• [Exercise details] Every line of the material must be given again verbatim. Skip the images.

• [Data extract]
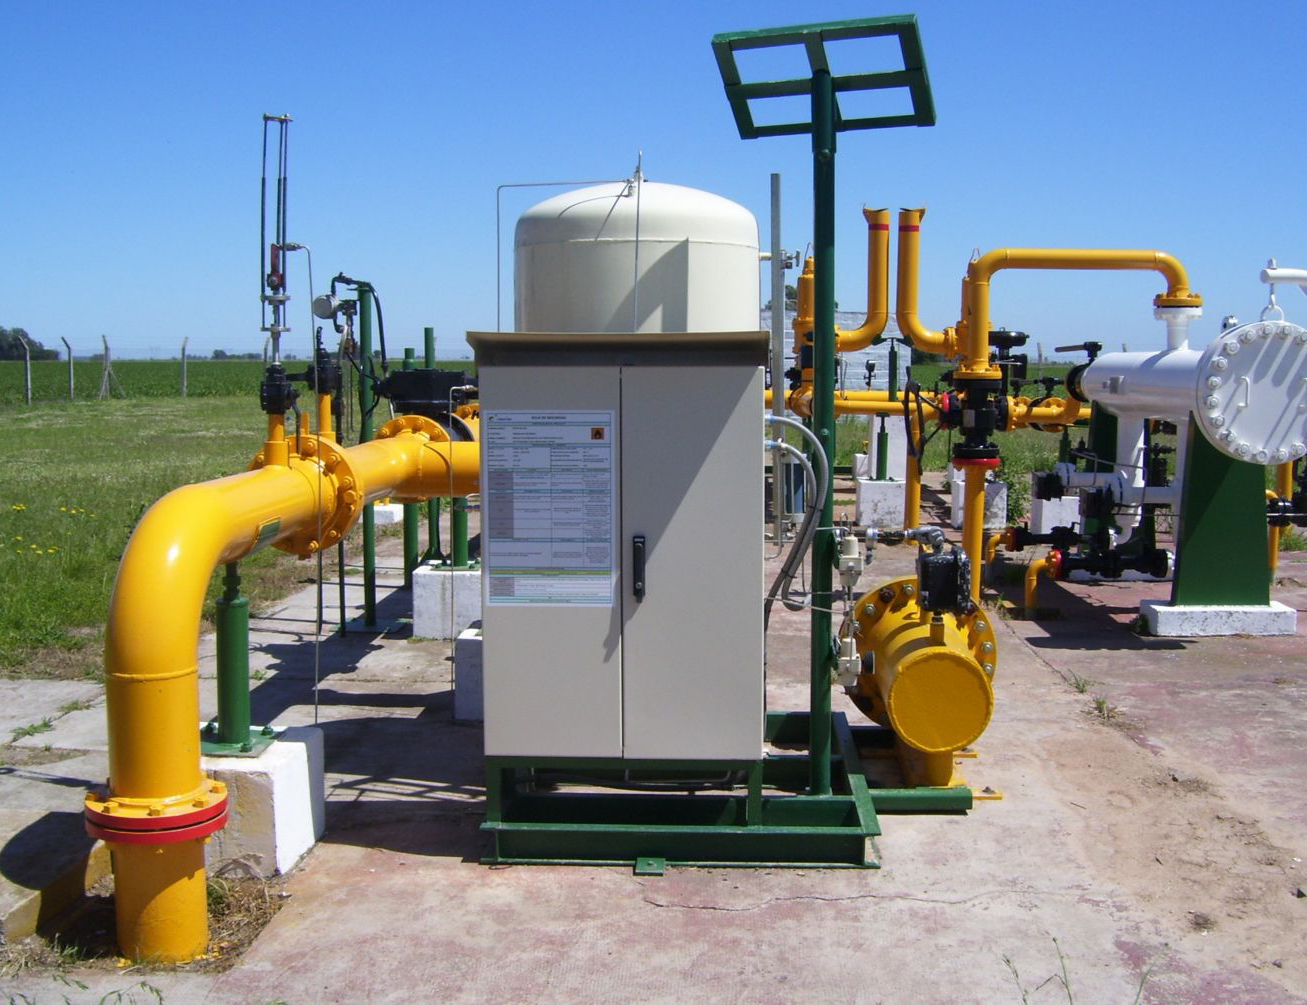 LITORAL GAS, equipos de odorización para la seguridad del servicio
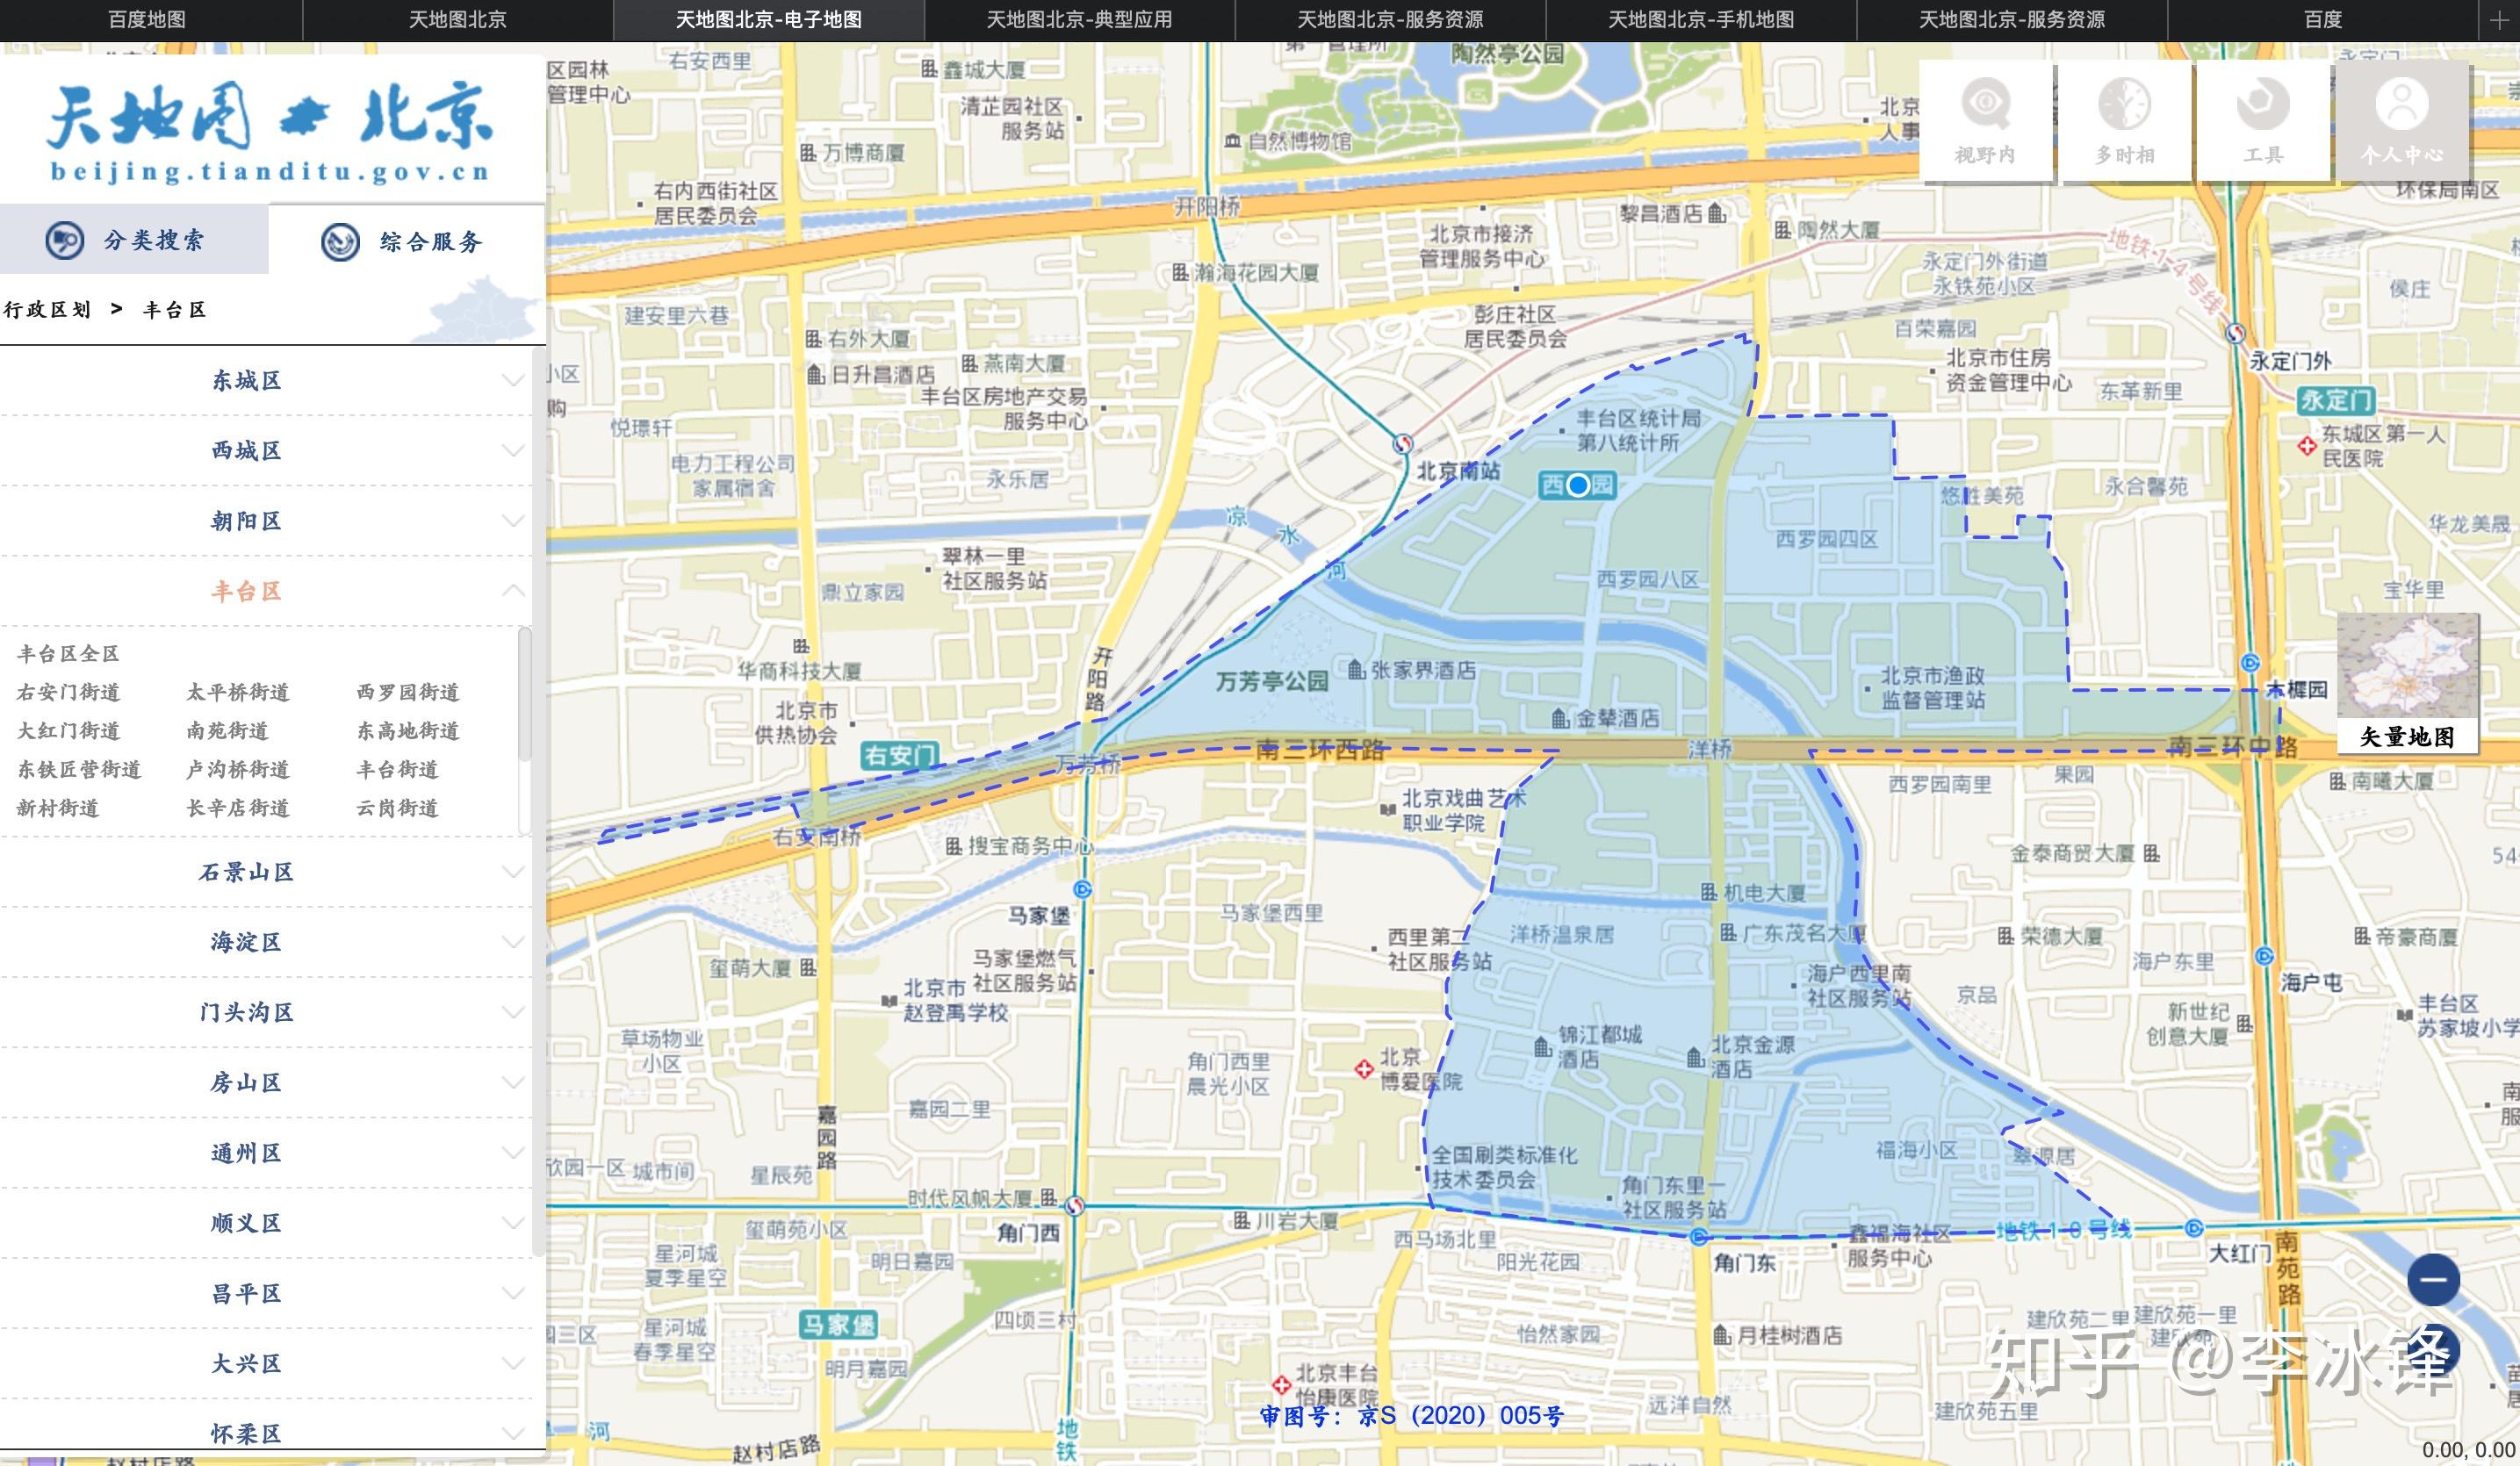 北京南站 属于哪个街道?
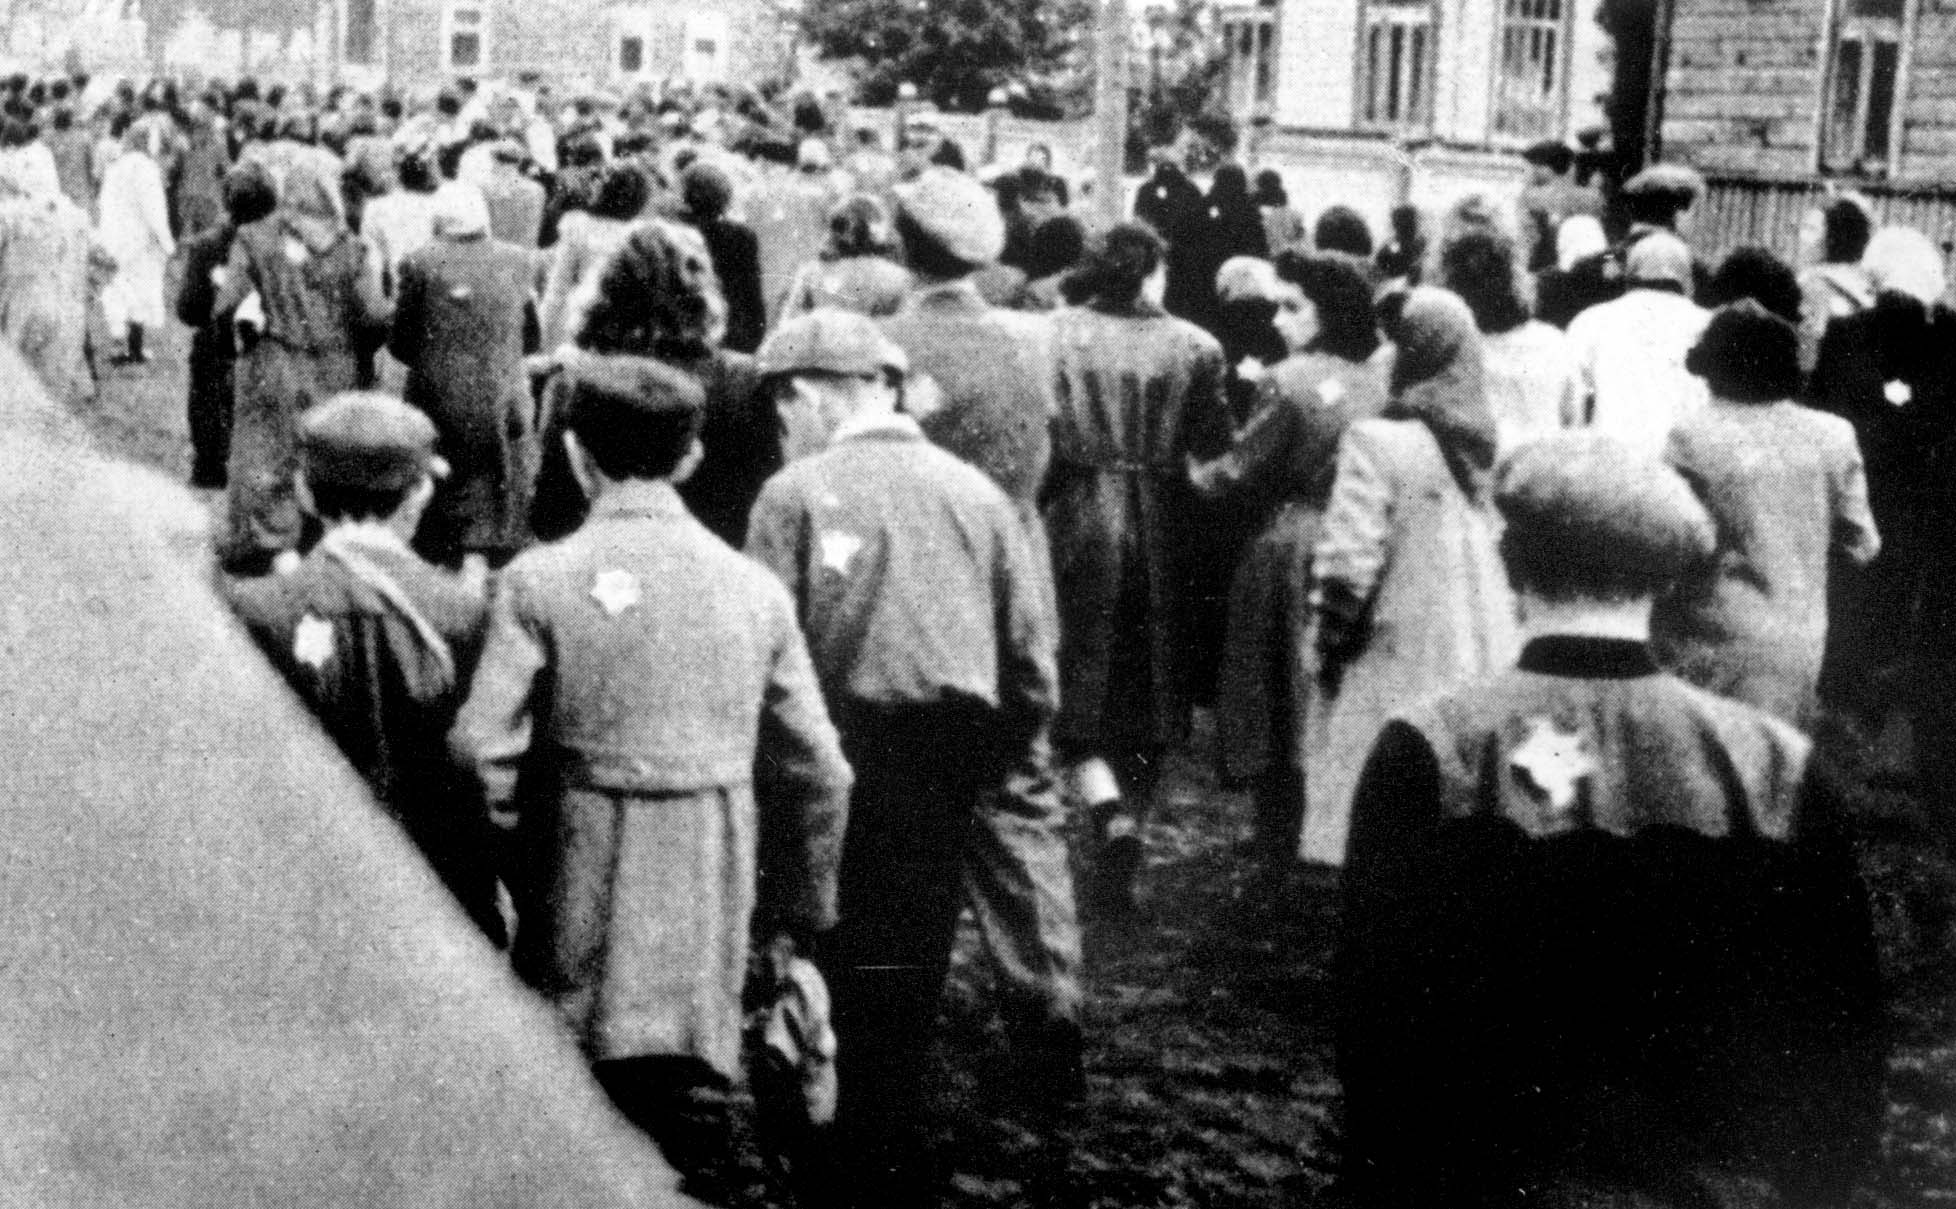 Регистрация евреев Одессы, октябрь 1941 г. Фото © Яд Вашем. Мемориальный комплекс истории холокоста

• [Completed task]
 LITORAL GAS, equipos de odorización para la seguridad del servicio
 北京南站 属于哪个街道?
 Регистрация евреев Одессы, октябрь 1941 г. Фото © Яд Вашем. Мемориальный комплекс истории холокоста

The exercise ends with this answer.